If you add the symbolic link to Explorer’s Quick Access, it will resolve the link first. To work around this, first create a regular directory and add that to the Quick Access. Then replace that directory with the symbolic link.

A few last tip before you take off:

Stay clear of absolute path names. Not only do they cause havoc when moving a project to a new directory, but they also confuse the simulator. If the ellipsis () file selector returns an absolute path, simply edit it to make the file relative to the project directory. E.g. change \C:\Users\you\path\project.v to project.v. If you want to quickly change all absolute paths, I suggest closing Quartus and pulling .qsf into an text editor (e.g. emacs).

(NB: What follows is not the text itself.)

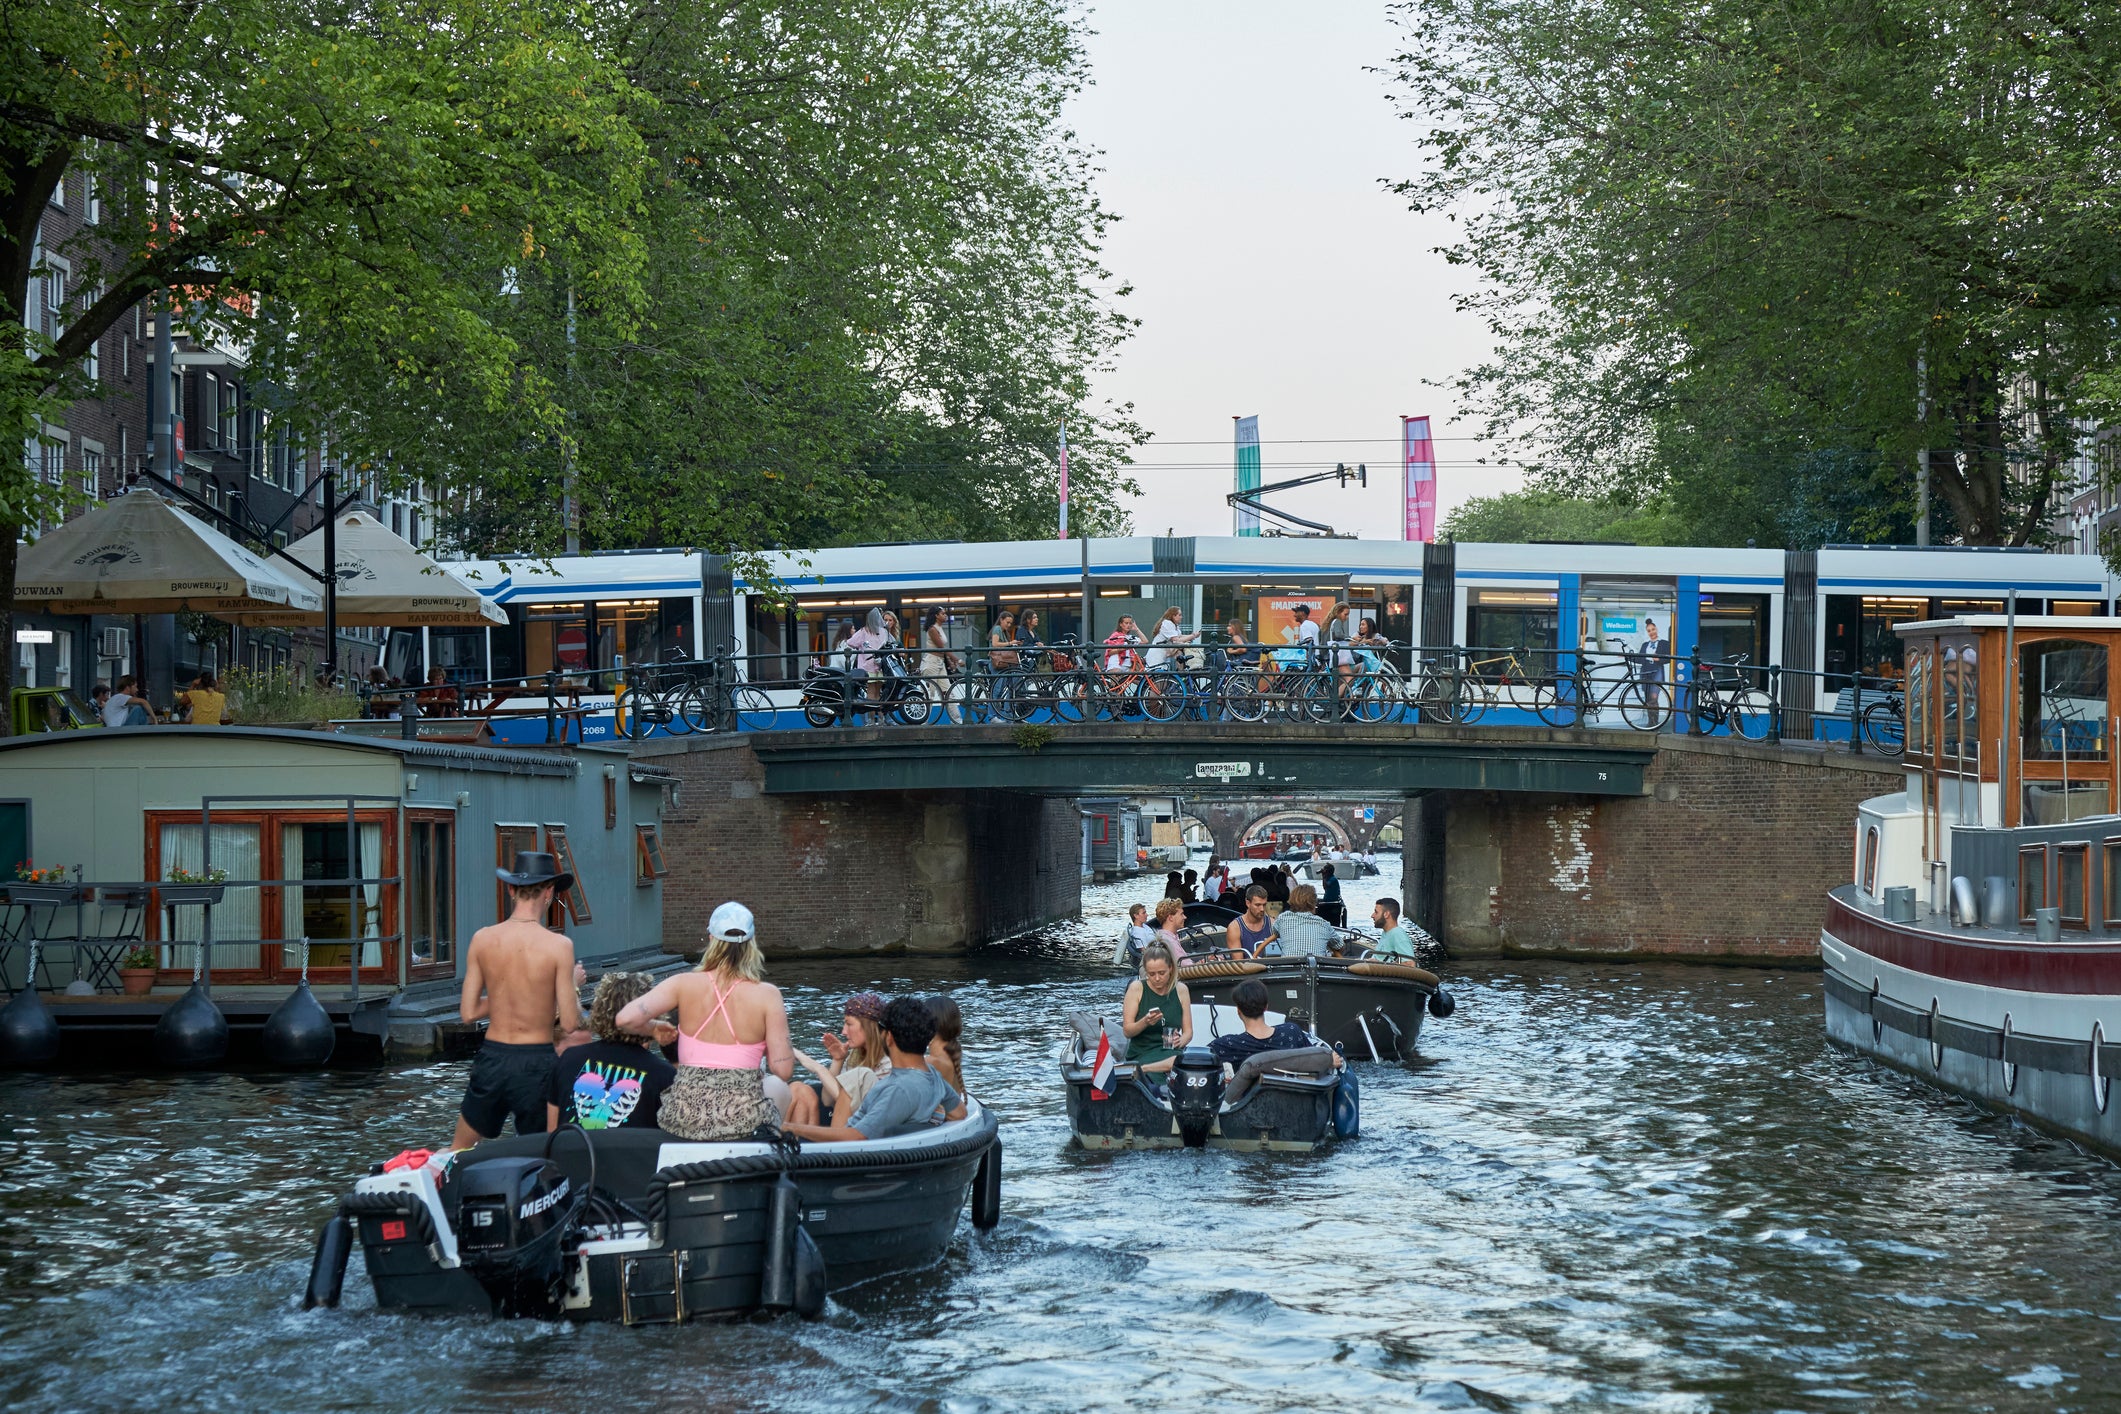 Thinking of a ‘messy weekend’ in Amsterdam? Think again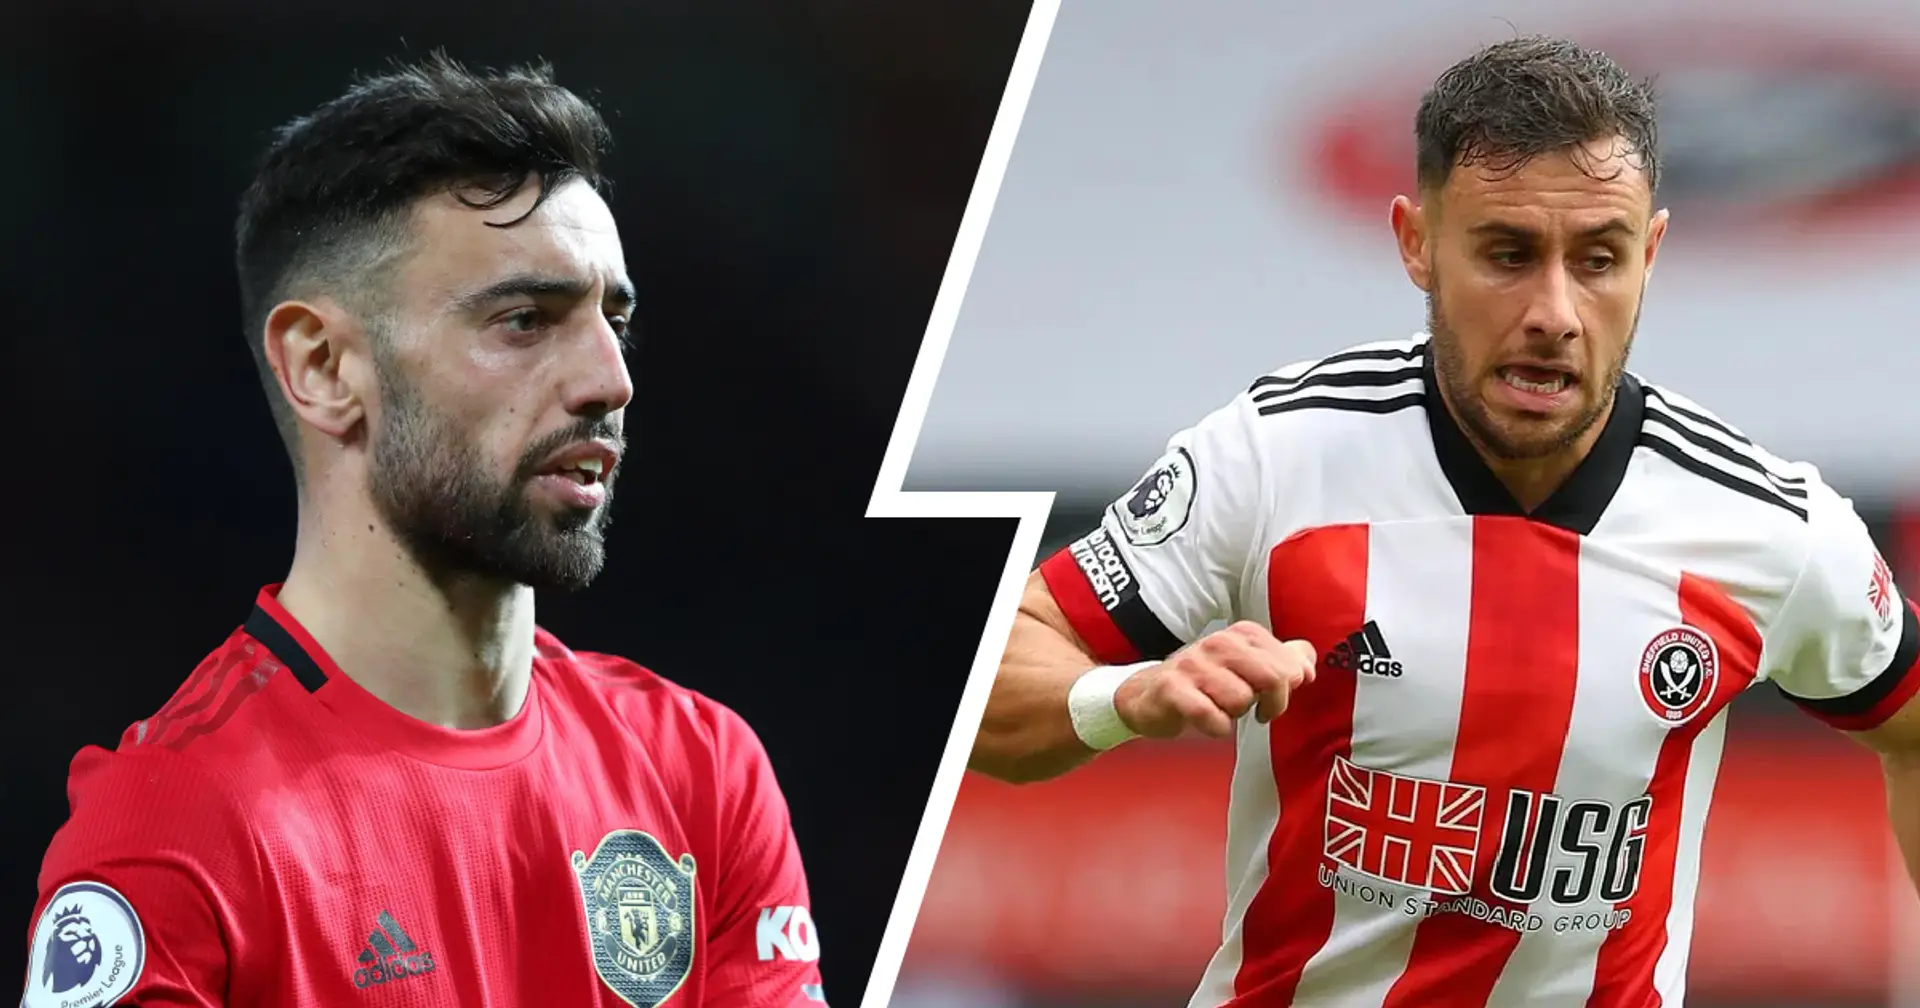 George Baldock pushes Bruno Fernandes twice - and Man United fans are not happy

Lastly, store the files on a local drive. It makes the process of compiling much faster.

Build a circuit

Terasic advises to start with their System Builder to reduce the risk of damaging the board by incorrect I/O settings. I will throw this caution to the wind and use an example Quartus Setting file instead

Start Quartus Prime and create a new project

  • File » New Project Wizard
    • Choose a working directory (.c:\users\you\whatever\example1); project name = example1
    • Project type = Empty Project
    • do not add files
    • Family = Cyclone IV E; name filter = EP4CE22F17C6; click the only device that matches
    • Finish, accepting the default EDA Tools Settings

Start with a Verilog HDL module that tests if inputs are equal (File » New » Design file > Verilog HDL, and later save it as eq1.v)

`timescale 1ns / 1ps
module eq1( input i0, input i1, output eq ); 
    wire p0, p1; // internal signal declaration
    assign eq = p0 | p1; 
    assign p0 = ~i0 & ~i1;
    assign p1 = i0 & i1; 

Add a Verilog HDL module (File » New » Design file > Verilog HDL, and later save it as eq2.v)

`timescale 1ns / 1ps
module eq2( input [1:0] a, input [1:0] b, output aeqb ); 
    wire e0, e1; // internal signal declaration
    eq1 eq_bit0_unit(.i0(a[0]), .i1(b[0]), .eq(e0));
    eq1 eq_bit1_unit(.i0(a[1]), .i1(b[1]), .eq(e1));
    assign aeqb = e0 & e1; // a and b are equal if individual bits are equal

For the top level, we will use a schematic. Create a symbol file (eq2.sym) for the eq2 module so we can reference it in the schematic.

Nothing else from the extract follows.